Exercise instructions: Print every line of the listing below, starting with the line that holds "Energielabel Westerdoksdijk 177 Amsterdam" and going on through the line that holds "Learn How to", both included, and print nothing else.

Data for this task:
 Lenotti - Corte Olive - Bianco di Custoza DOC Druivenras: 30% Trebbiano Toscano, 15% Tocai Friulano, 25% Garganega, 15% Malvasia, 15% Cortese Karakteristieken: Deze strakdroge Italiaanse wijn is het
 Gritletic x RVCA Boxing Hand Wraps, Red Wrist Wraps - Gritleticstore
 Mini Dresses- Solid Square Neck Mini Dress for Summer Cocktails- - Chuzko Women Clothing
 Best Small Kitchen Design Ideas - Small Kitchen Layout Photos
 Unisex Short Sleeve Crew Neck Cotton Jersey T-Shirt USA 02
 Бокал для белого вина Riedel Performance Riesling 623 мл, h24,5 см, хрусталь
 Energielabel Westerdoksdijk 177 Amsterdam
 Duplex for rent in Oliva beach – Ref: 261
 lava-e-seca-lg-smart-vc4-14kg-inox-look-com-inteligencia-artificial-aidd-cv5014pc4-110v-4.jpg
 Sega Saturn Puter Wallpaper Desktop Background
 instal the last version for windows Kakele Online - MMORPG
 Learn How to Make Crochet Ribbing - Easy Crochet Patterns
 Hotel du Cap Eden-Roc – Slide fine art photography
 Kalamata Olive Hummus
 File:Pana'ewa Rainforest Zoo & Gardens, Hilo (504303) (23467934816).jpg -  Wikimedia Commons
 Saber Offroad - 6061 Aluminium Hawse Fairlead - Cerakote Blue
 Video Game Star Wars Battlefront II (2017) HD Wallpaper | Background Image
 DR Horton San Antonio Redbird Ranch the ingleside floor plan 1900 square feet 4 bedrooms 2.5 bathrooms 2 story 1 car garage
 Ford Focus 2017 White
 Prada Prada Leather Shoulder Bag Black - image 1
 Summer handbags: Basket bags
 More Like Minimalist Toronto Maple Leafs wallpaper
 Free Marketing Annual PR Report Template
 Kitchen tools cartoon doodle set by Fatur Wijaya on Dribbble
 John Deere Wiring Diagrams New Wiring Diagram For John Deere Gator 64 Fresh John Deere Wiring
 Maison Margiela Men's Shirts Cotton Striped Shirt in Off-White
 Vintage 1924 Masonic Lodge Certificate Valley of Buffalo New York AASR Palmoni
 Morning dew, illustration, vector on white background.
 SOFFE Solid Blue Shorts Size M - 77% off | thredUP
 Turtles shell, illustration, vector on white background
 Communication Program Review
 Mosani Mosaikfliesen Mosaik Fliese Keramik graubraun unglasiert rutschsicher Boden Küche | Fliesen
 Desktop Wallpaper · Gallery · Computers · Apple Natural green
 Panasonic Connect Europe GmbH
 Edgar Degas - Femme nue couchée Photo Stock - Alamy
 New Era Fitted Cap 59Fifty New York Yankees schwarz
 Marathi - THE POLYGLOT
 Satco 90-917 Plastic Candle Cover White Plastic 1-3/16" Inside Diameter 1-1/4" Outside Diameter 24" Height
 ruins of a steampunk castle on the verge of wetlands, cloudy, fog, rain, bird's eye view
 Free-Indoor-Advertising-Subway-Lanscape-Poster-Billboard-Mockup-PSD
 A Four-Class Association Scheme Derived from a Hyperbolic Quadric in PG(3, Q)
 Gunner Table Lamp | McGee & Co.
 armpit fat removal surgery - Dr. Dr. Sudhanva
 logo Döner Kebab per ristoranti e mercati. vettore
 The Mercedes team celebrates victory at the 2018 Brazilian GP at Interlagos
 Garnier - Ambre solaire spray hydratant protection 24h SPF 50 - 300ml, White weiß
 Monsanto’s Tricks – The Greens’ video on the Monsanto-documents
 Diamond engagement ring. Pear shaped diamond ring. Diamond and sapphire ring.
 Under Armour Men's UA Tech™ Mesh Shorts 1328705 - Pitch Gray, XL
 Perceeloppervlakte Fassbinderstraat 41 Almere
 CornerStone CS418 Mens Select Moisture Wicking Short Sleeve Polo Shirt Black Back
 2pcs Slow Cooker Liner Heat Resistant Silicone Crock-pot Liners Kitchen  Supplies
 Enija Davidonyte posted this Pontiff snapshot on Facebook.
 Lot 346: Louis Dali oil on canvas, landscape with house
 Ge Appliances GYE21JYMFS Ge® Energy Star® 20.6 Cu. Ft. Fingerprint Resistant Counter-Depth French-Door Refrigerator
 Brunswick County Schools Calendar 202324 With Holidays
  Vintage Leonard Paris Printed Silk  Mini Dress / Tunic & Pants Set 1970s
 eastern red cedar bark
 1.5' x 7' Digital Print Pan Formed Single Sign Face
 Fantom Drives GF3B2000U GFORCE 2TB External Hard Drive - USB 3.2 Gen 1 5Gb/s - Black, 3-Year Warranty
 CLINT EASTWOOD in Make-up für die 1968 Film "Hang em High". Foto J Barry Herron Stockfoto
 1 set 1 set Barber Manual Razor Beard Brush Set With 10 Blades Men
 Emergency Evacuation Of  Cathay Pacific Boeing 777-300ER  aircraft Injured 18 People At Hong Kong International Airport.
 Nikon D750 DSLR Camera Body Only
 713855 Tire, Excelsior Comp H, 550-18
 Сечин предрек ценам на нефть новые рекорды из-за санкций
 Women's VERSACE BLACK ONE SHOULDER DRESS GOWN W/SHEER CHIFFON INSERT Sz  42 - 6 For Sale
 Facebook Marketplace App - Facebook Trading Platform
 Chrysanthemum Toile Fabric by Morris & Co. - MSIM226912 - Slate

Solution to this exercise:
 Energielabel Westerdoksdijk 177 Amsterdam
 Duplex for rent in Oliva beach – Ref: 261
 lava-e-seca-lg-smart-vc4-14kg-inox-look-com-inteligencia-artificial-aidd-cv5014pc4-110v-4.jpg
 Sega Saturn Puter Wallpaper Desktop Background
 instal the last version for windows Kakele Online - MMORPG
 Learn How to Make Crochet Ribbing - Easy Crochet Patterns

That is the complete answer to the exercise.